» REQUIRED WORK: No pictures, please. Copy exactly the lines from the one with "Association de bracelets" through the final line below.

» GIVEN DATA:
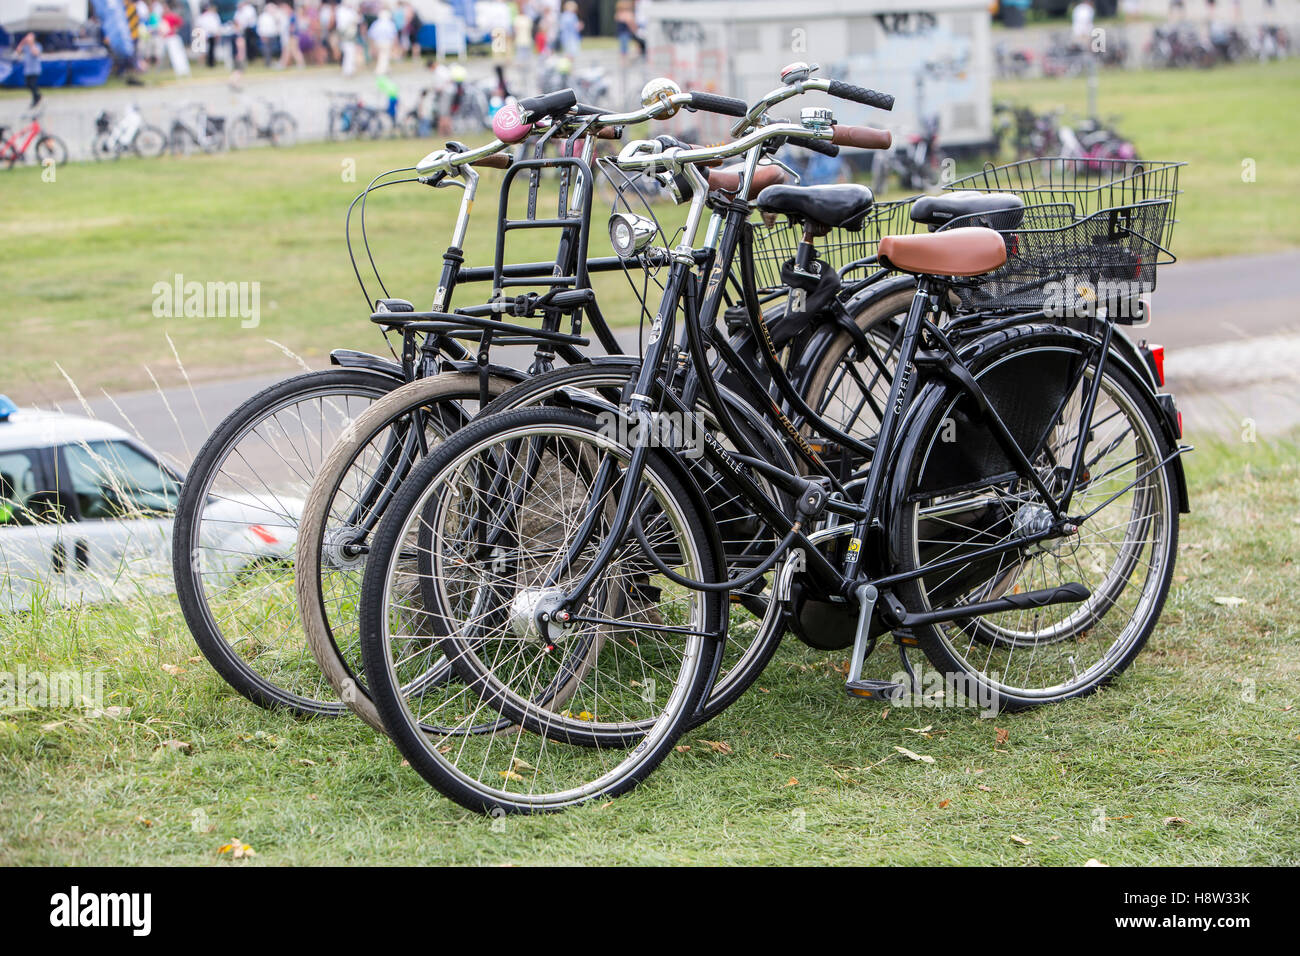 Verschiedene Fahrräder, Hollandräder, alt, Räder retrò, zusammen angekettet, abgestellt, Foto Stock
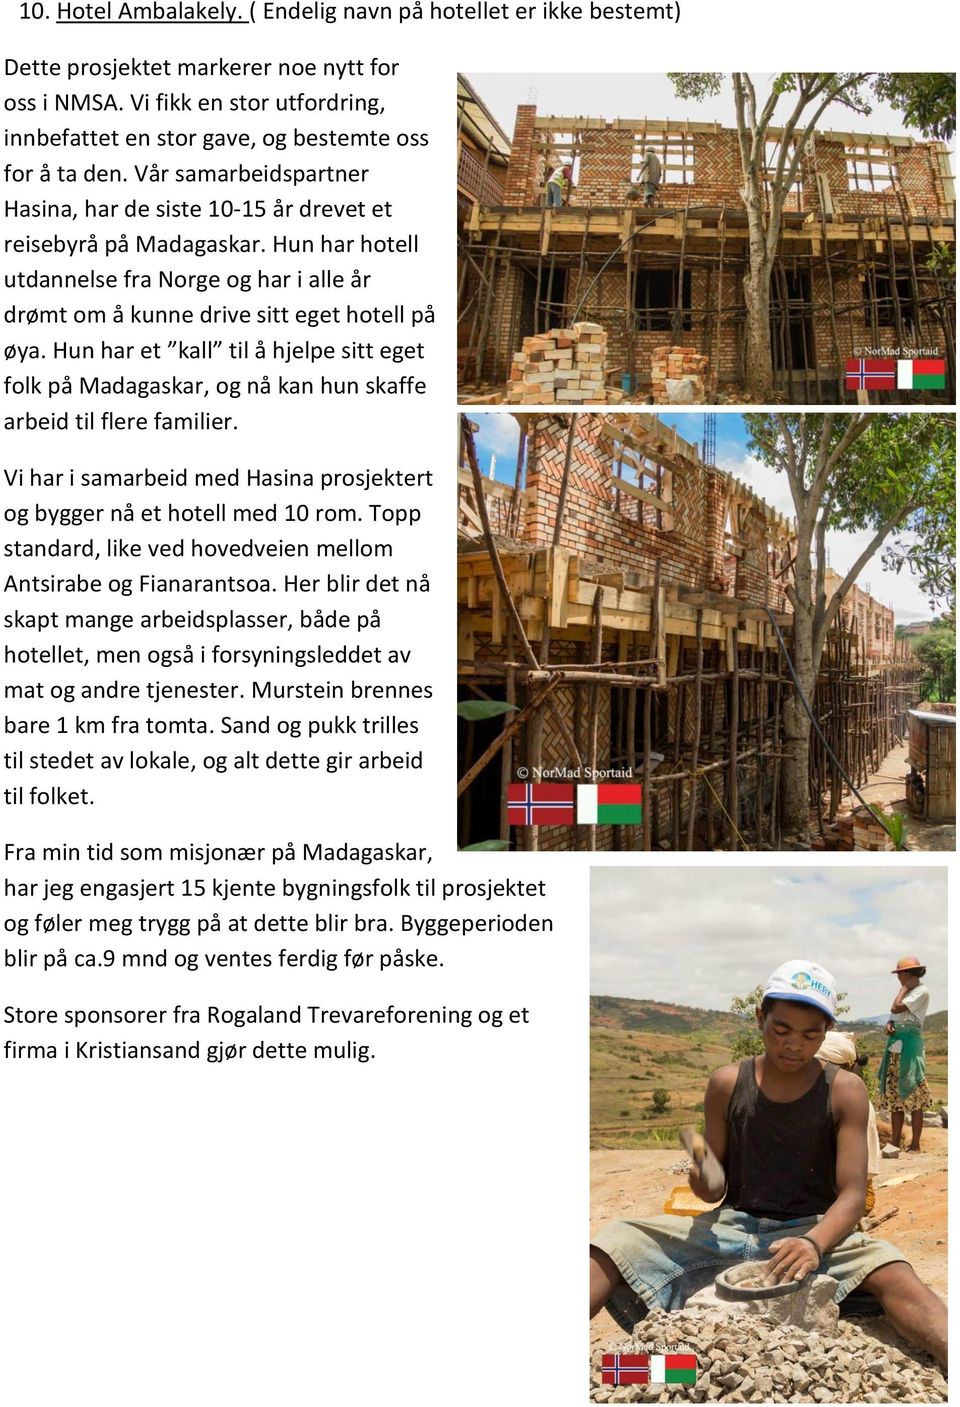 Hun har et kall til å hjelpe sitt eget folk på Madagaskar, og nå kan hun skaffe arbeid til flere familier. Vi har i samarbeid med Hasina prosjektert og bygger nå et hotell med 10 rom.
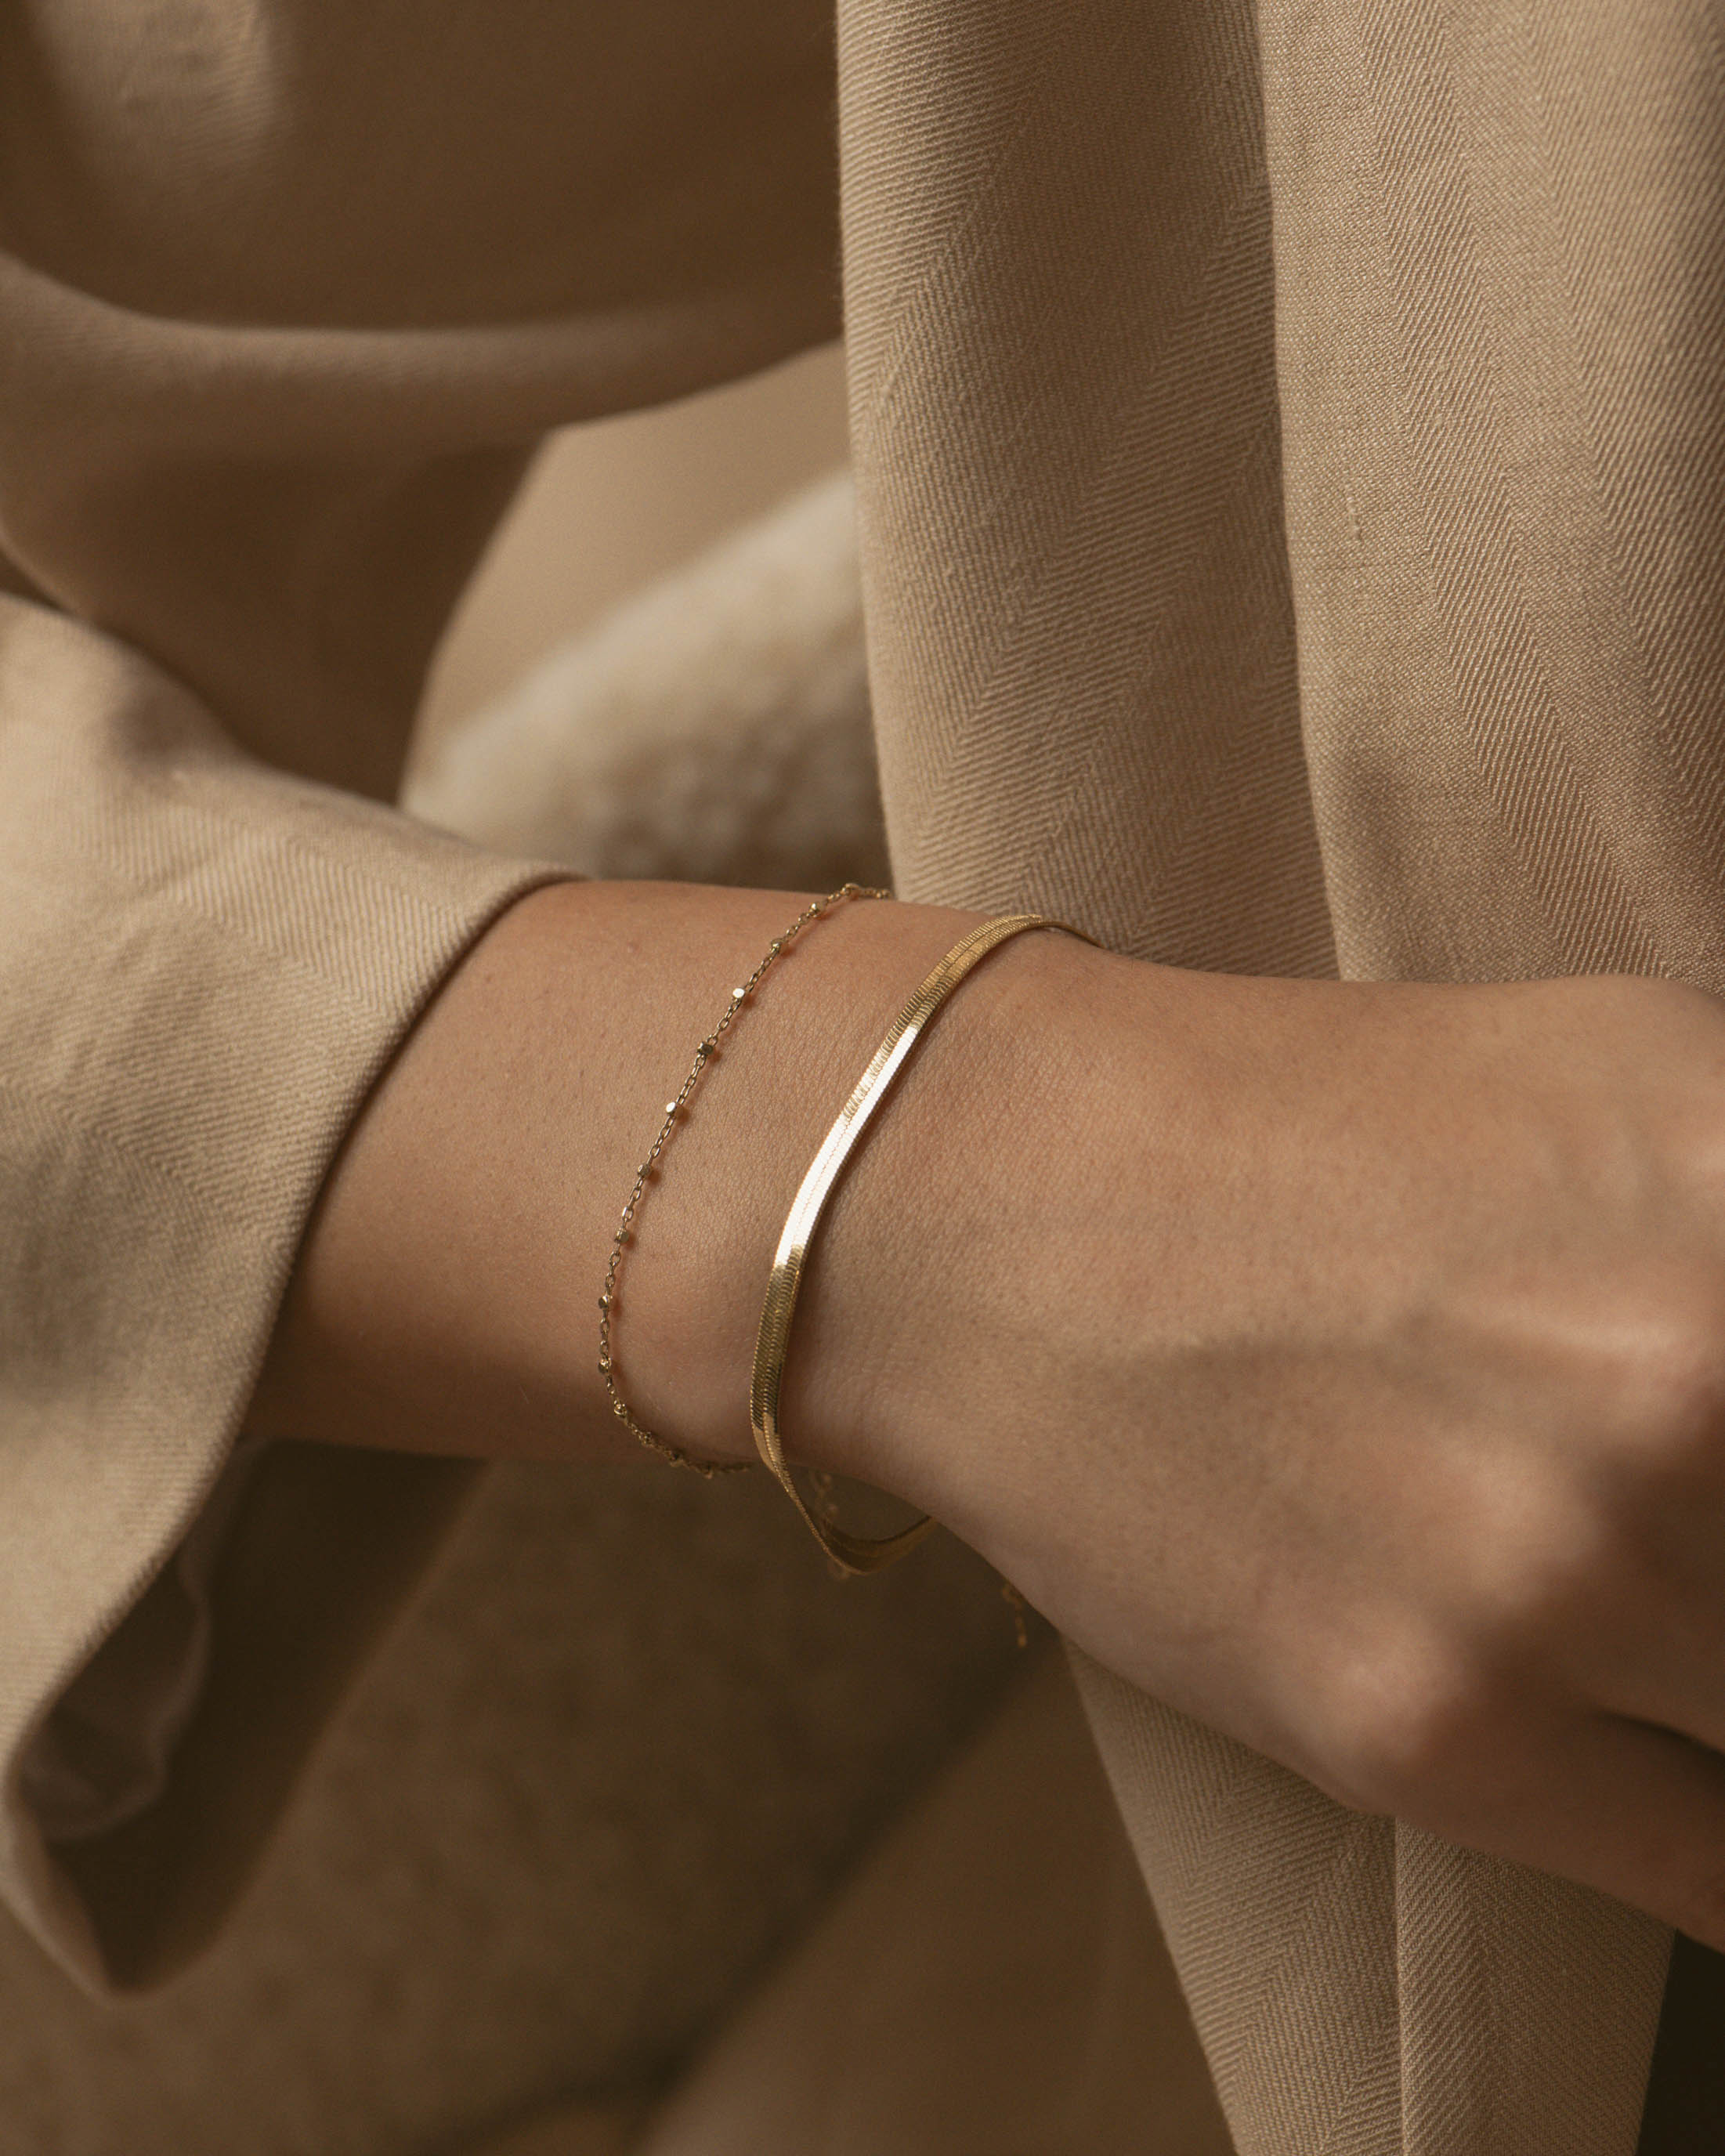 Association de bracelets en plaqué or 18 carats, composée d'un bracelet en chaîne plate, et d'un bracelet en chaîne fine avec des petites mailles carrées, fabriqués en France.
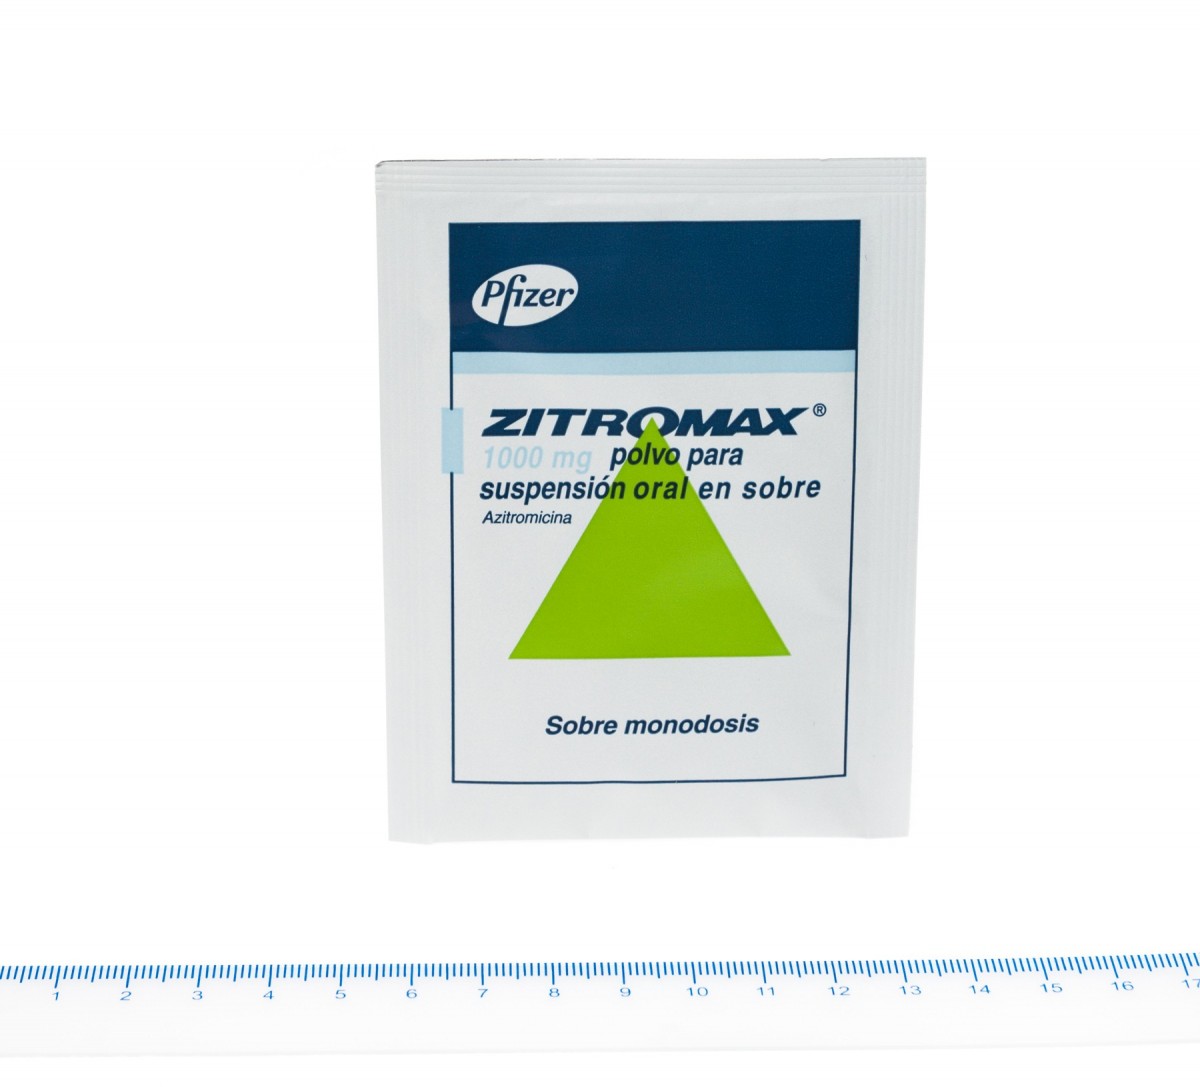 ZITROMAX 1000 mg POLVO PARA SUSPENSION ORAL EN SOBRE, 1 sobre fotografía de la forma farmacéutica.

» EXERCISE RESPONSE:
 Association de bracelets en plaqué or 18 carats, composée d'un bracelet en chaîne plate, et d'un bracelet en chaîne fine avec des petites mailles carrées, fabriqués en France.
 ZITROMAX 1000 mg POLVO PARA SUSPENSION ORAL EN SOBRE, 1 sobre fotografía de la forma farmacéutica.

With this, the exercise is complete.